Anti-corruption protestors in Jakarta
Indonesia is no longer ruled by an authoritarian dictatorship

Vibrant democracy

As a child, I remember sitting in the school bus in traffic for up to an hour, but that same journey today can take almost double the time.

The strong growth in the economy over recent years has meant that more people here can buy cars and motorcycles, but the government has yet to build enough roads, highways and ports to allow Indonesia's economy to reach its full potential.

It's not just the façade of the city that has changed though. Indonesia is a different country today.

As a young girl, I grew up in a country that was ruled by an authoritarian dictator; today, it is a young vibrant democracy, with all the flaws that come with making that transition.

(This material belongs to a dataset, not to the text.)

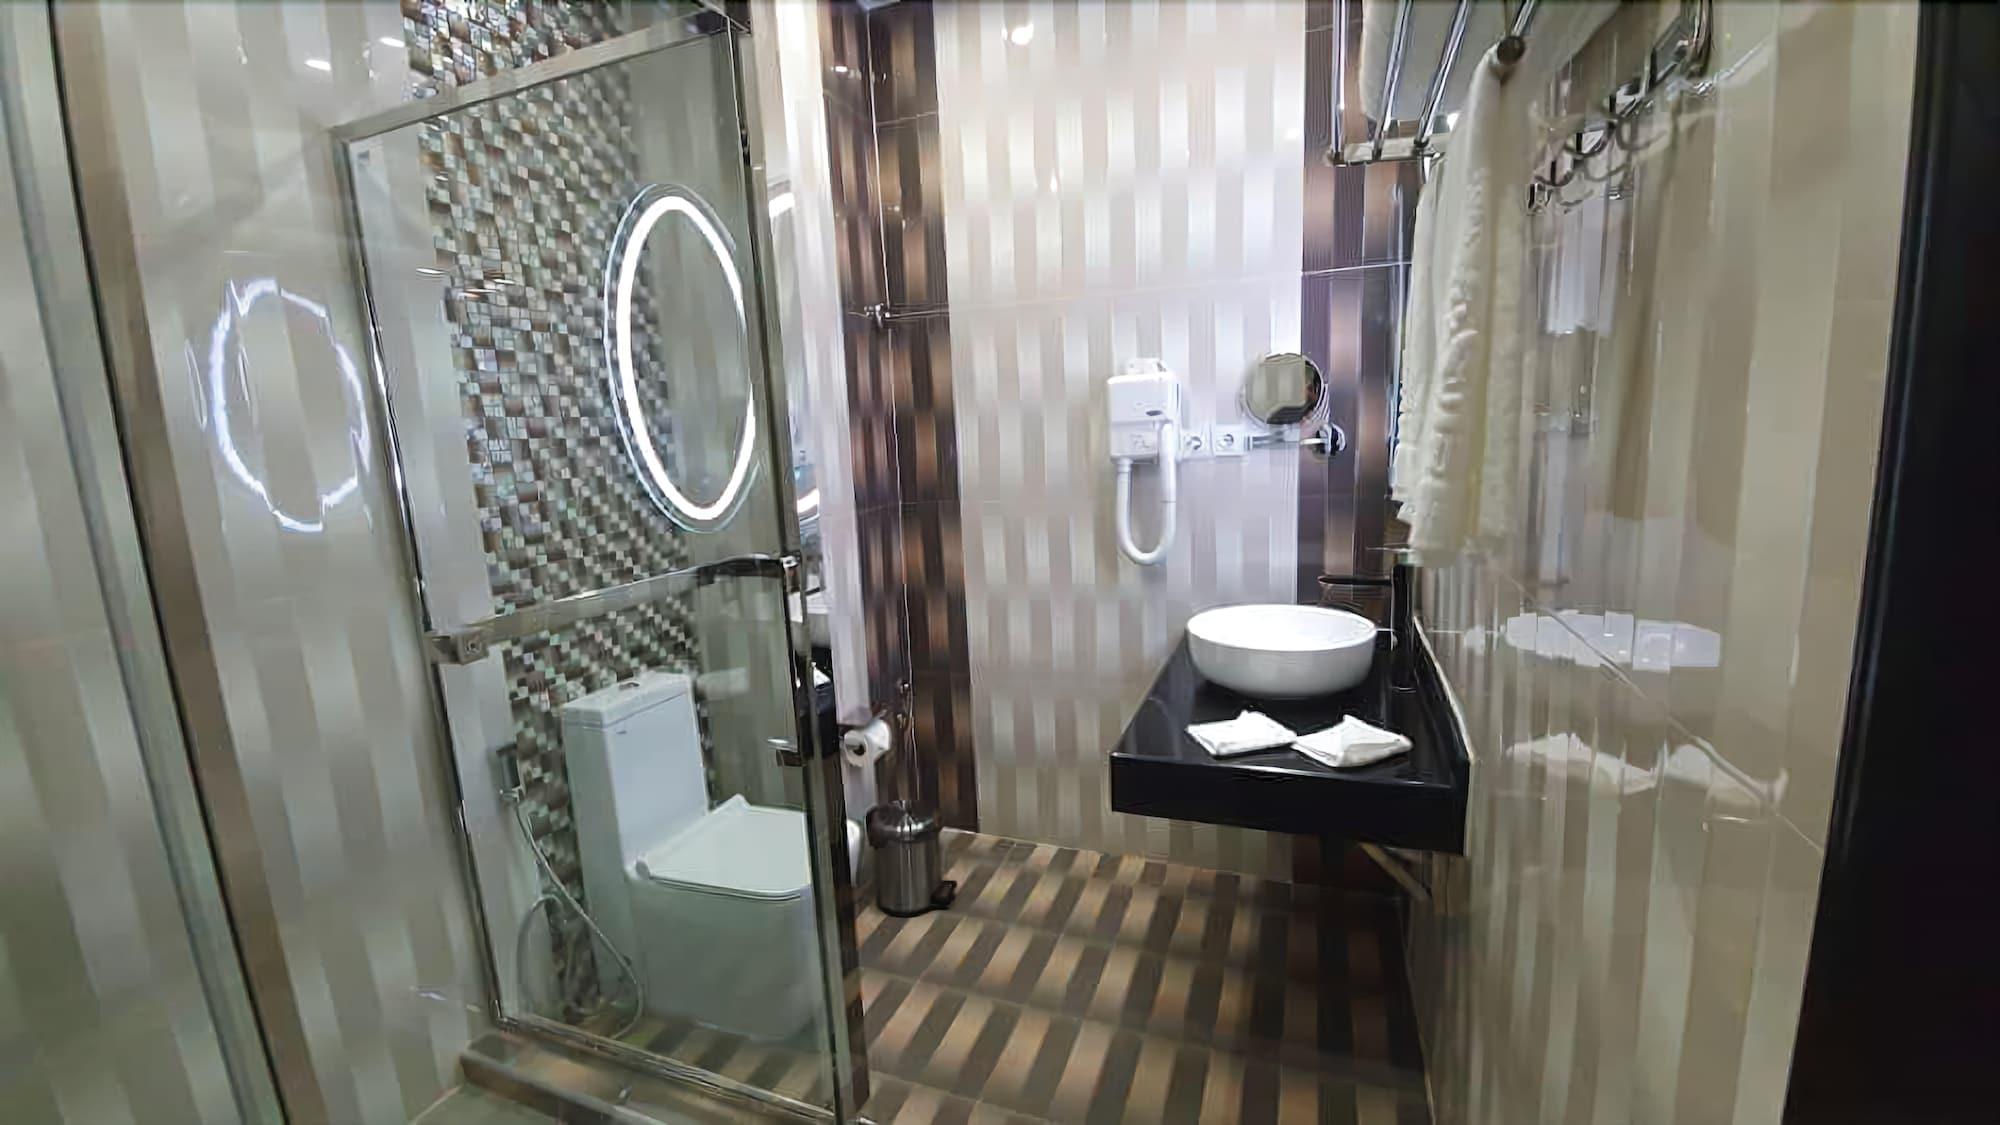 Indico Executivo Hotel, Nacala Velha

One of the more worrying trends has been the rise of conservative Islam, a departure from the Indonesian Islam that allowed my family to come here so many years ago and live as peacefully as they have.

Recent attacks by Islamic extremist groups on churches and Muslim minority sects have gone unpunished - a sign according to some that the government is pandering to the hardliners.

A street food vendor in Jakarta
The vendors may have grown older, but street food is the same as ever

Crispy satay

There are some things though, that have remained, rather charmingly, the same.

My old house for example, near Jakarta's Chinatown district, is still a world away from the modern high rises and sparkling new shopping centres.

The streets are still run-down, the surrounding buildings could do with a bit of a face-lift and the young man who used to sell peanuts down our alley is now just a little older.

Granted, there's now a swanky hotel down the road, and a Mercedes showroom around the corner, but street vendors still sell their Indonesian delicacies here, and the smell of crispy satay wafts down the road in the evenings, as it used to when I was a young girl.

Whether or not these scenes will still be around for my six-month-old daughter to witness when she grows up, I can't say.

But I know for sure that this city will be as special to her as it has been for me, and my family before me.